*What you need to do*
Word for word, restate the data that follows, omitting the images.

*Stored data*

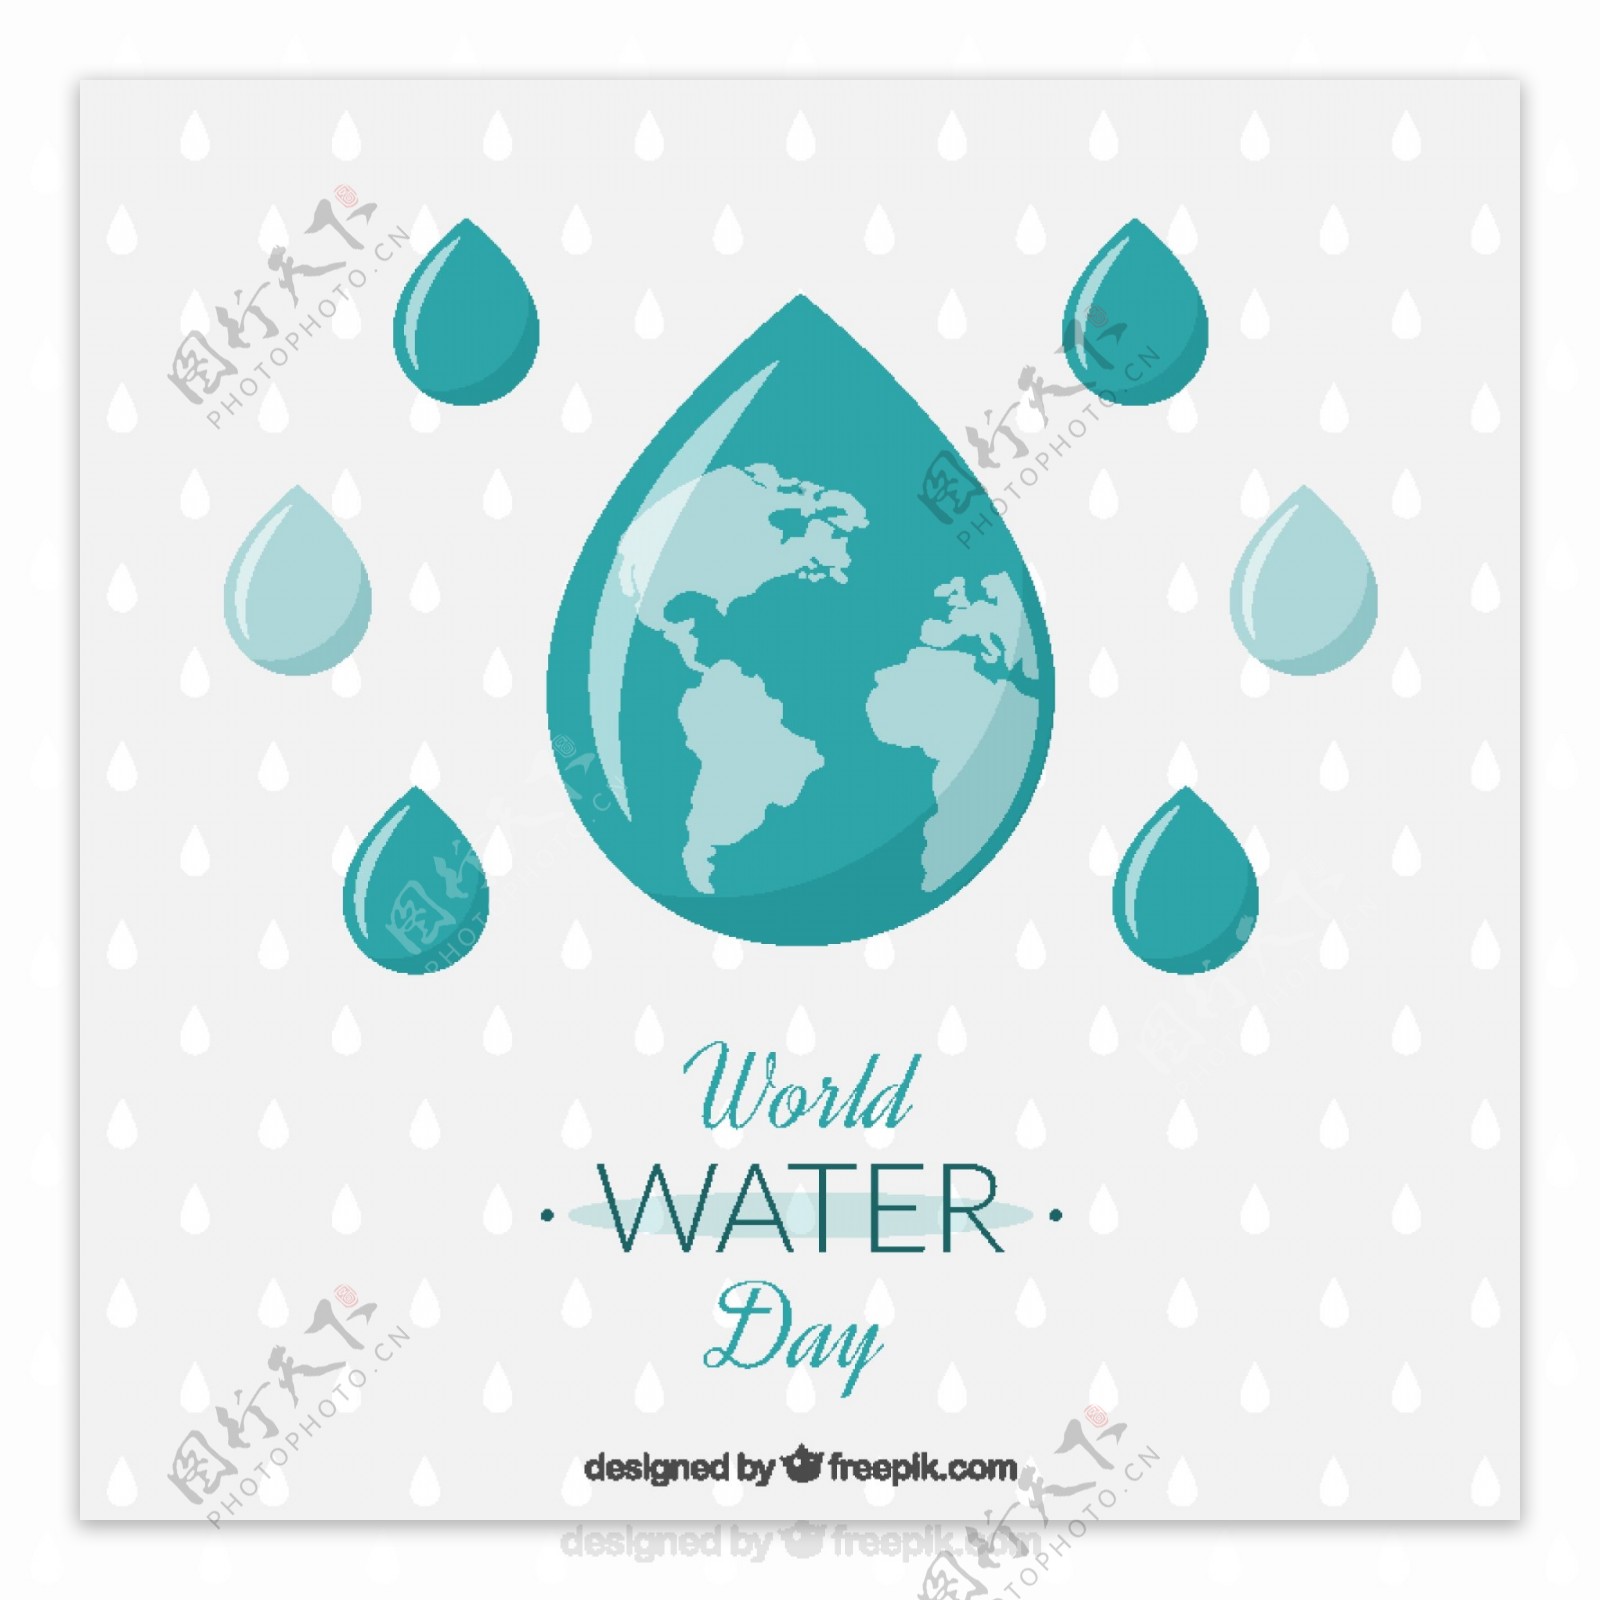 滴世界一天的水
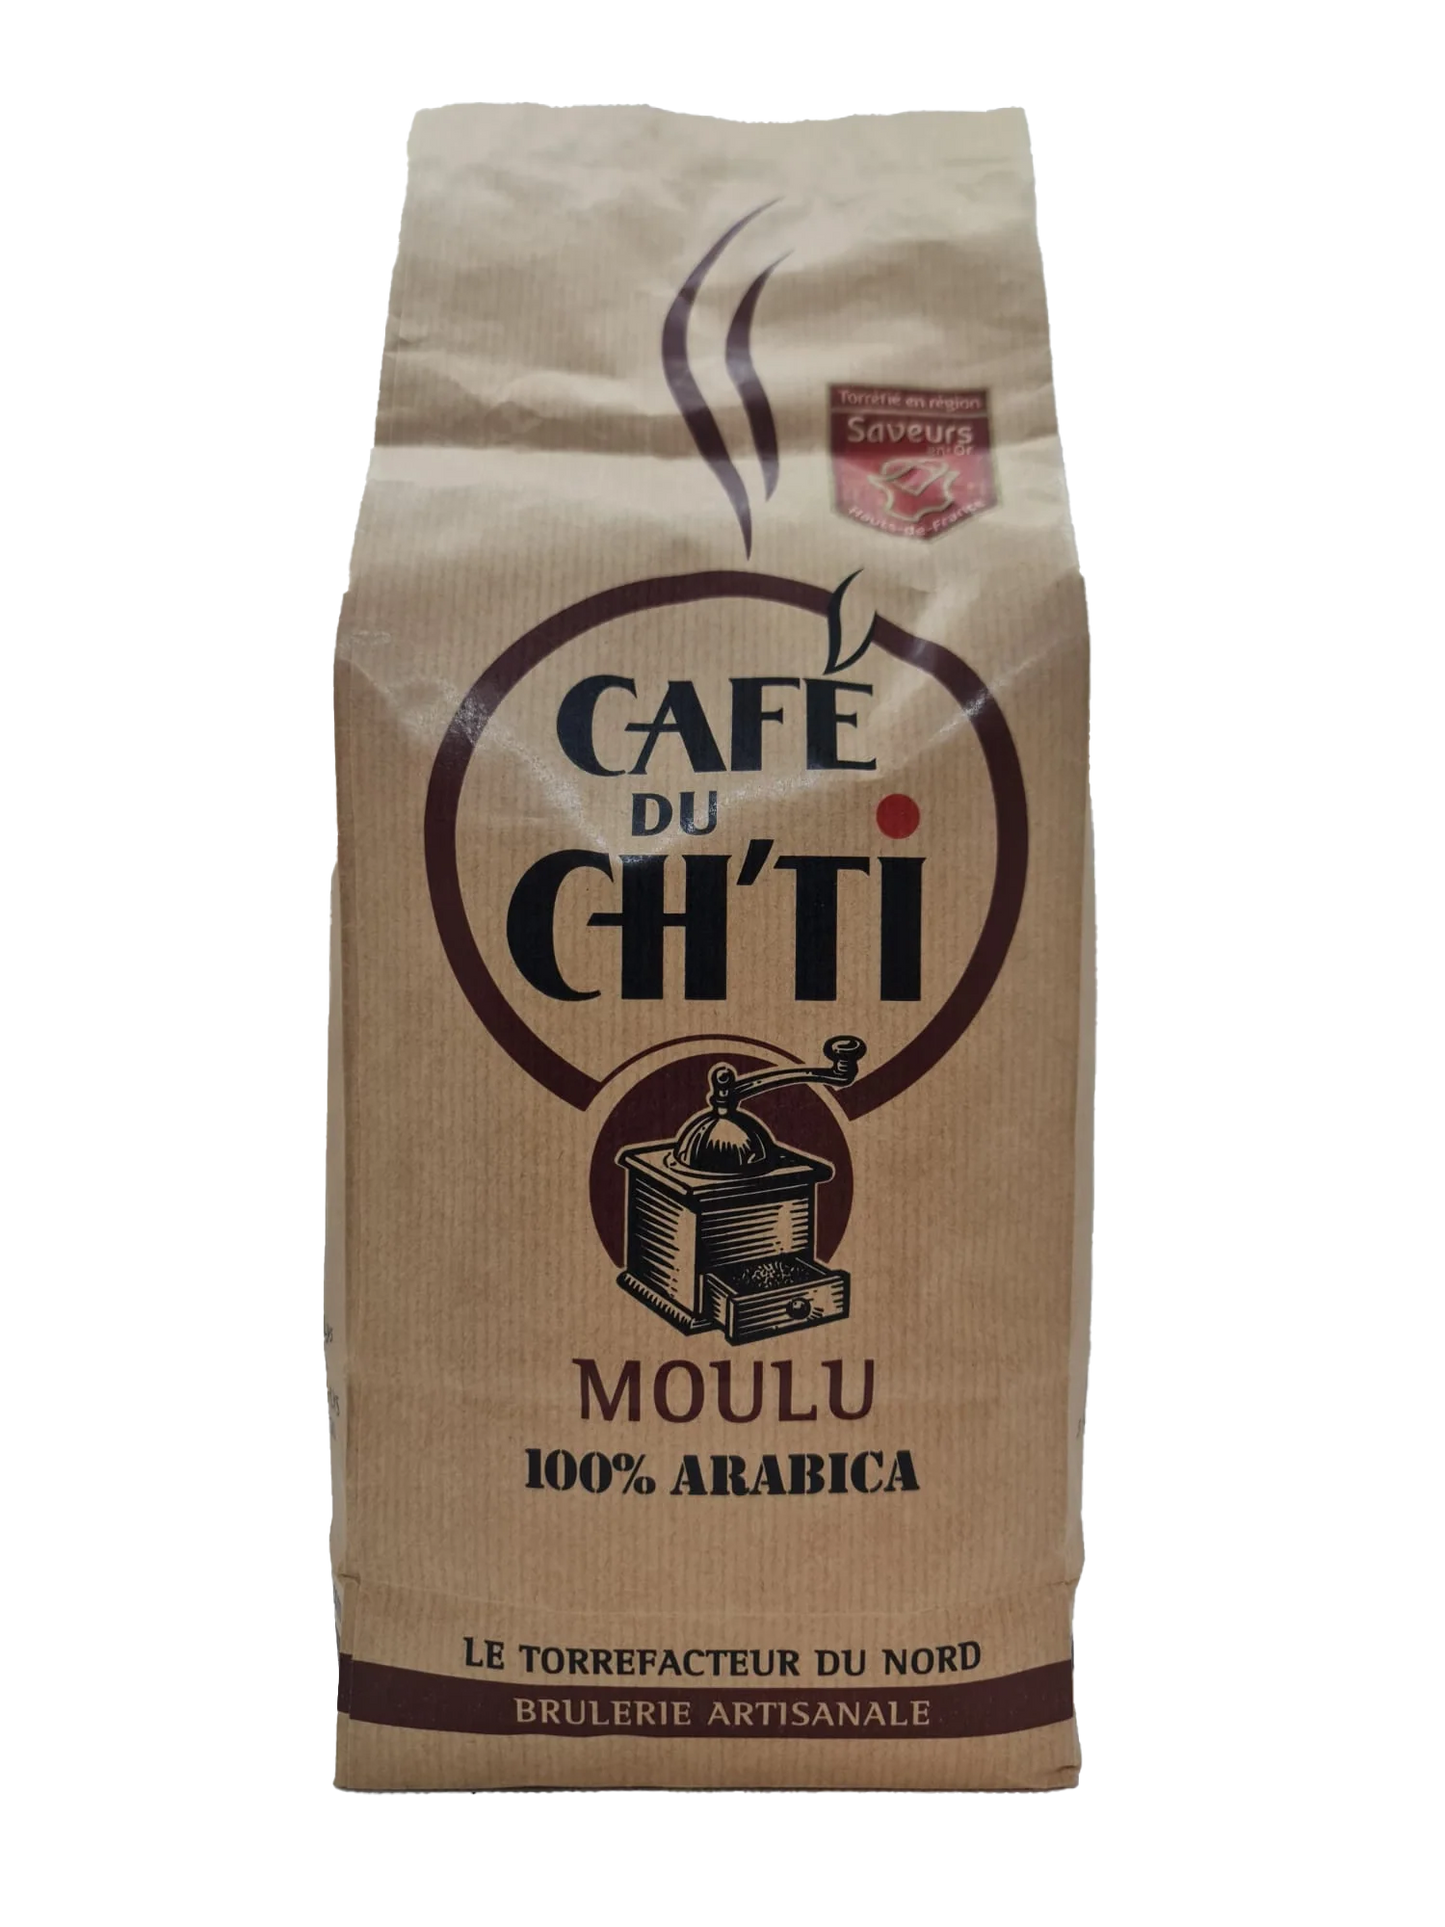 Café du Ch'ti moulu
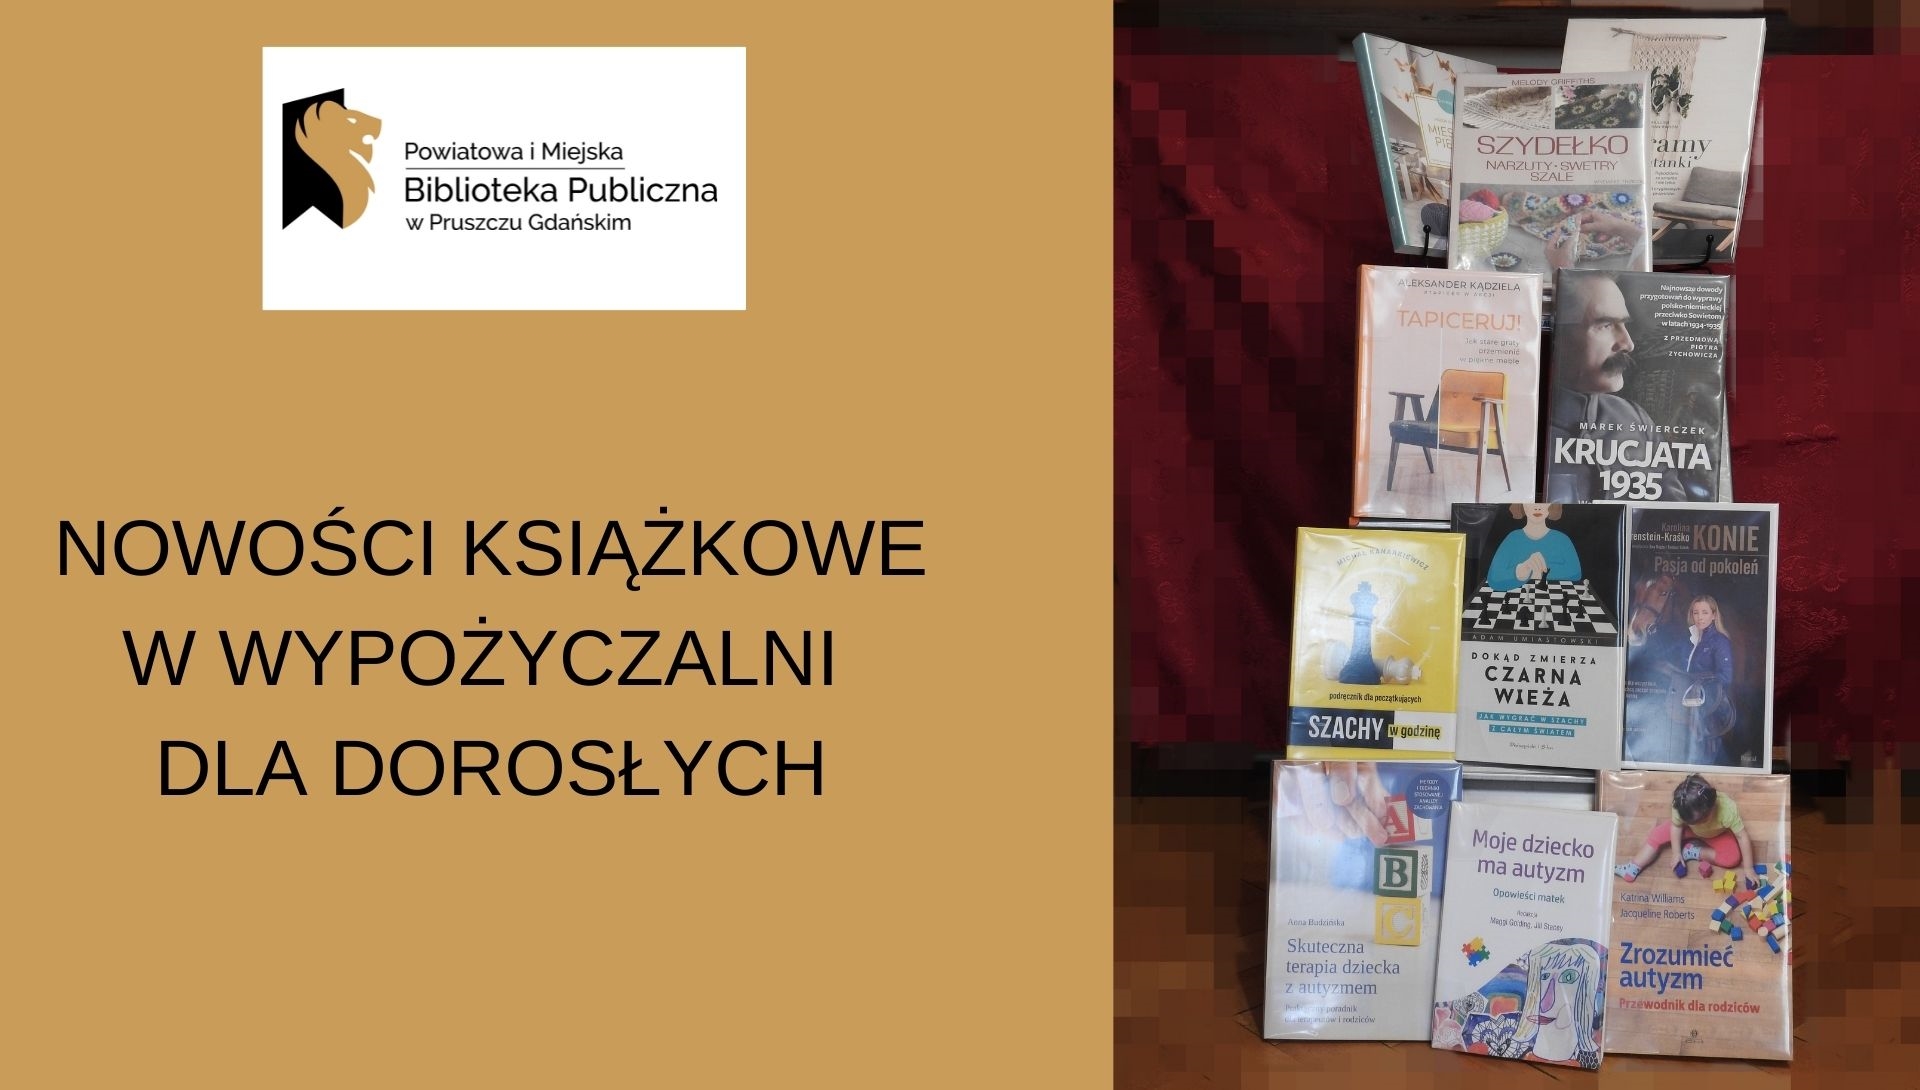 Napisy: Nowości książkowe w wypożyczalni dla dorosłych, Powiatowa i Miejska Biblioteka Publiczna w Pruszczu Gdańskim - logotyp, okładki książek.
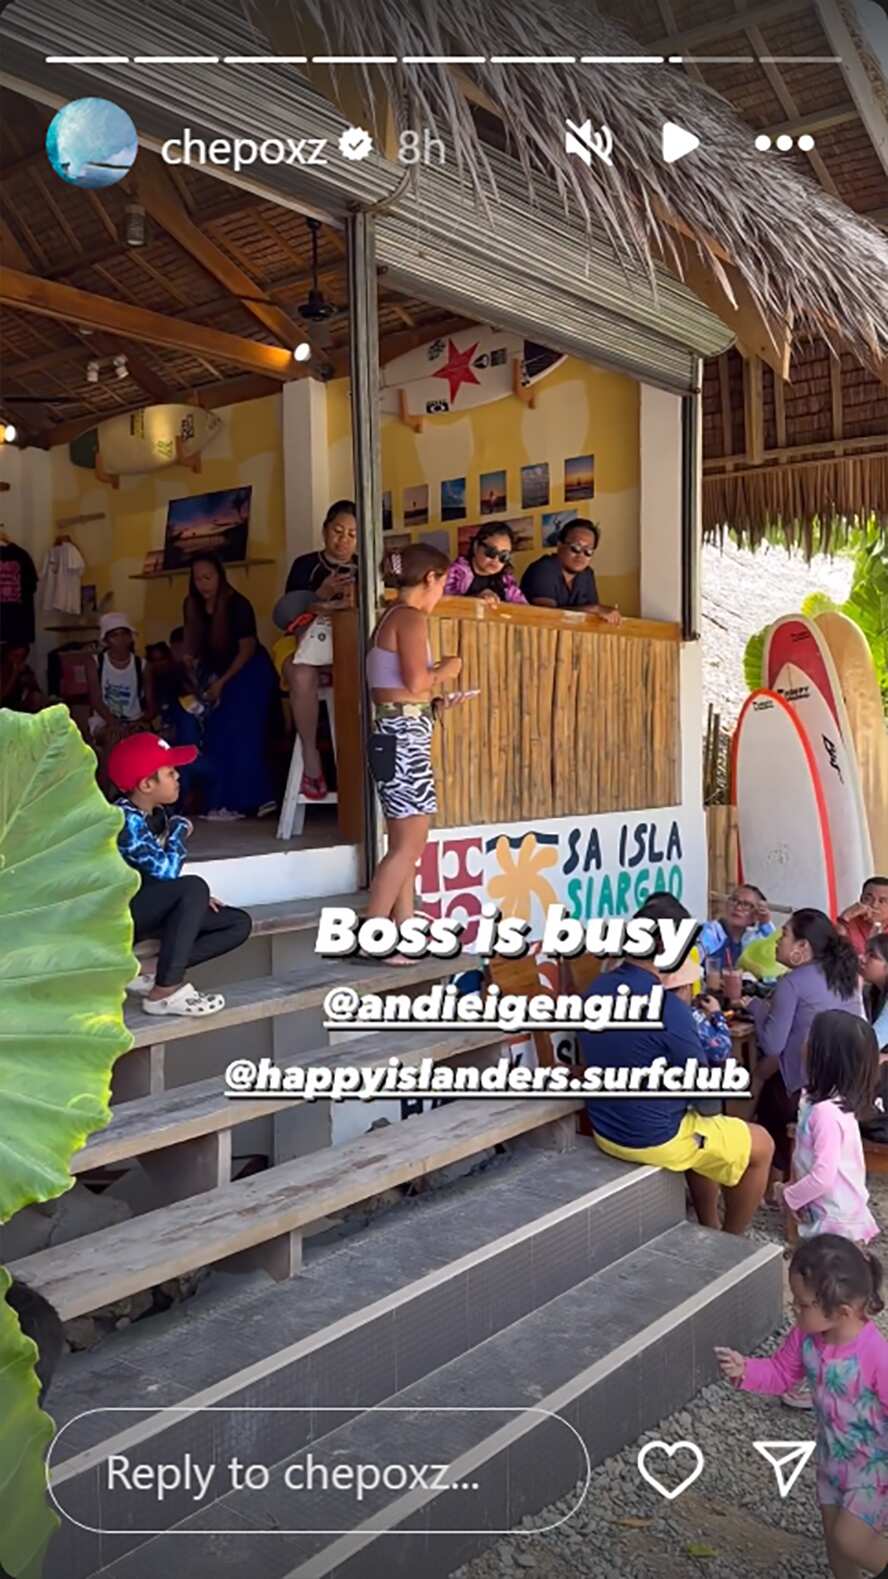 xPhilmar Alipayo, ibinahagi vid ni Andi na abalang-abala sa mga bisita sa surf club: “Boss is busy”

*Problem solution*
 滴世界一天的水
 Café du Ch'ti moulu
 Napisy: Nowości książkowe w wypożyczalni dla dorosłych, Powiatowa i Miejska Biblioteka Publiczna w Pruszczu Gdańskim - logotyp, okładki książek.
 xPhilmar Alipayo, ibinahagi vid ni Andi na abalang-abala sa mga bisita sa surf club: “Boss is busy”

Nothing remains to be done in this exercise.